今回の台はそんなi藤さんも、勿論俺も大好きなあの台。大好きだった。少ない金を握りしめては何度も果敢に特攻した。設定なんて入っている訳ないと分かりきっていても、折れそうな心を必死で支えながらレバーを叩いた。だけども終ぞ、思うような大勝を収めることができなかった…そんなあの台。
勝利へのビジョンは見えている。大勝した時に高らかに叫ぶ言葉も決まってる。それは勿論…
「ナイスな展開じゃないか!」
i藤さんとの付き合いはもう10年近くになる。高校の部活で知り合ったのだが、卒業した後も暇な方が声をかけては何をするわけでもないのに取り敢えず会うという、都合のいい関係を続けていた。
その日も暇を持て余した俺たちは、目的もなくi藤家に集合することとなった。金は無かった。時間だけは無限にあるように感じていた。
最初はダラダラとアニメか何かを観ていたと思う。しかし、金がない時ほど打ちたくなるというもの。いや、金がないからこそ一発当てて増やしてやろうという気持ちになるというものだ。どちらから言い出すでもなく、駅前のパチンコ屋へ向かうこととなった。

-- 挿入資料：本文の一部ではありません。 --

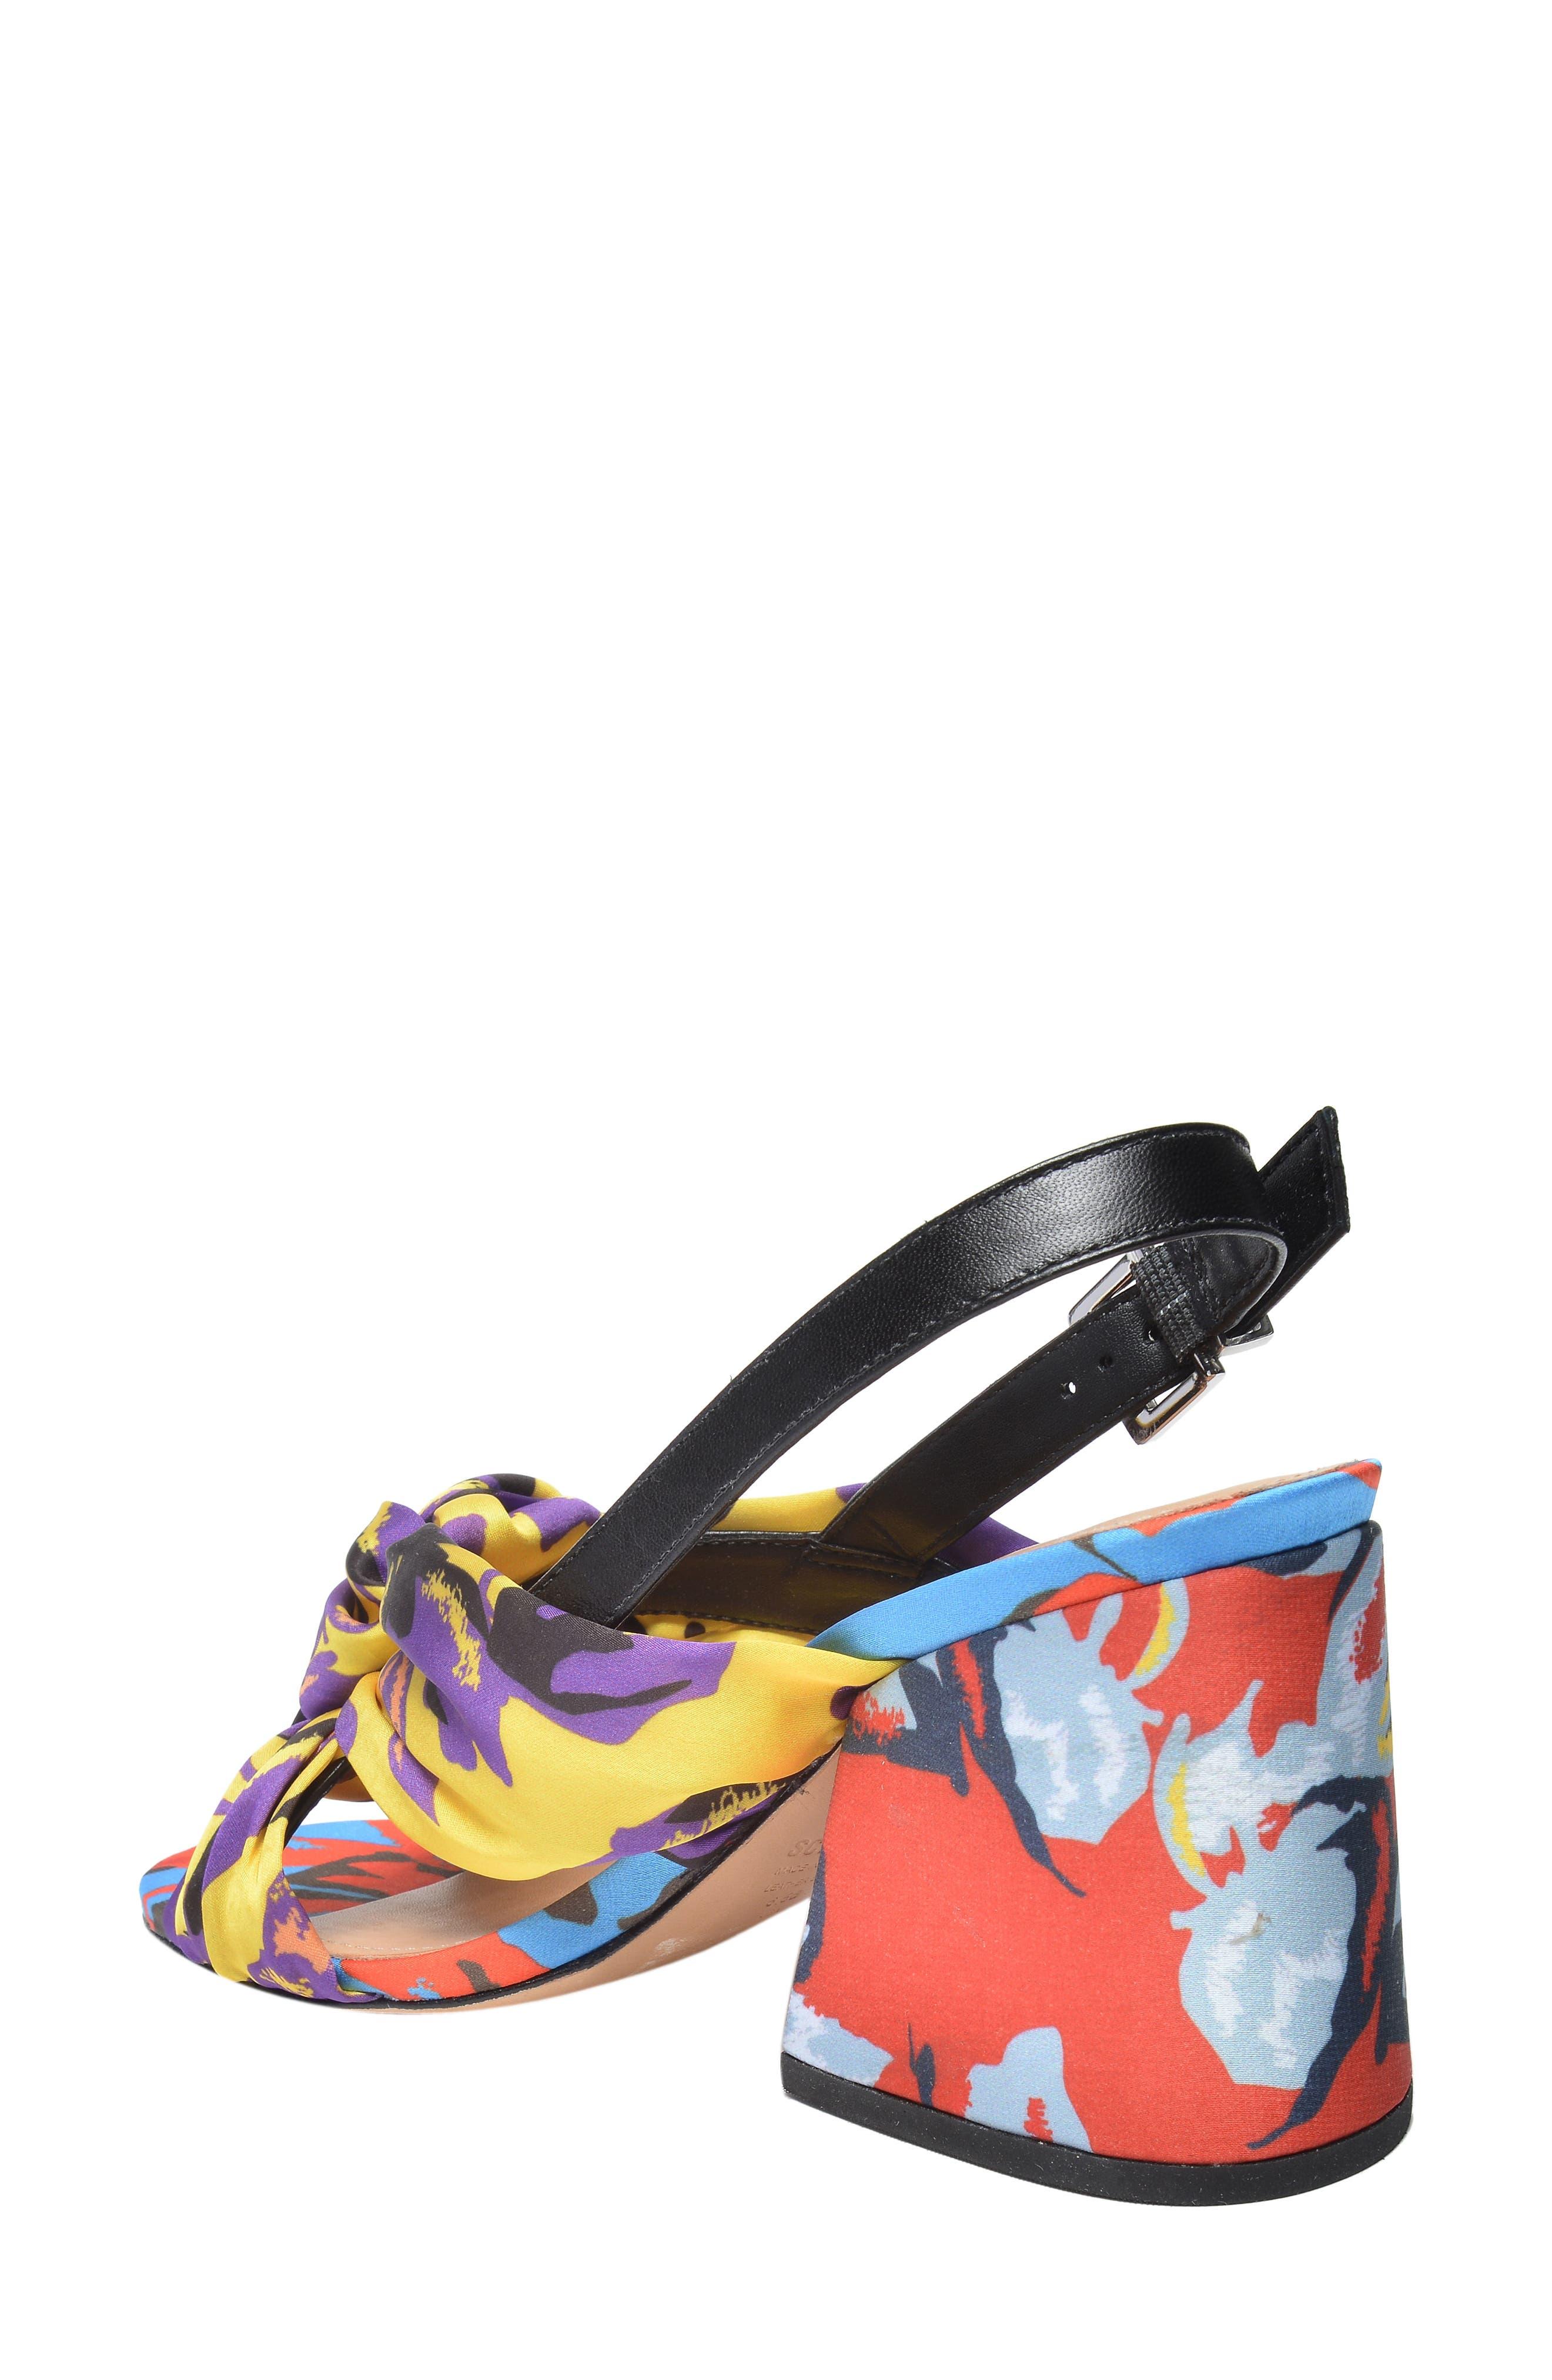 x Adriana Lima Sandal,                             Alternate thumbnail 2, color,                             Floral Print Fabric

人も疎らな店内で、最初俺は秘宝太陽を打っていた。ボーナスに当たれども当たれども入ることのない秘宝RUSHに嫌気がさし、ふとi藤さんの姿を探す。i藤さんは「不二子 〜100億$の女神〜」で箱を使っていた。
「調子いいじゃないi藤さん。」
「今日の不二子は俺に優しい…移動してよかった。」
「さっきまで何打ってたん?」
「真後ろのラインバレル。」
見ると200ゲーム程で止められている。
「俺あれ打ったことないや。」
「ボーナス後だから天井500ゲームの可能性あるよ。」
「じゃあ盛大にi藤さんのカマ掘ることにするわ。」
こんな動機で打ち始める運びとなった。
「鉄のラインバレル」
スパイキーのA+ART機である。純増1.9枚のART「鉄RUSH」を搭載し、指定された子役を引けば上乗せとなる「覚醒」・大量上乗せに期待ができる「オーバードライブ」が出玉の鍵を握る。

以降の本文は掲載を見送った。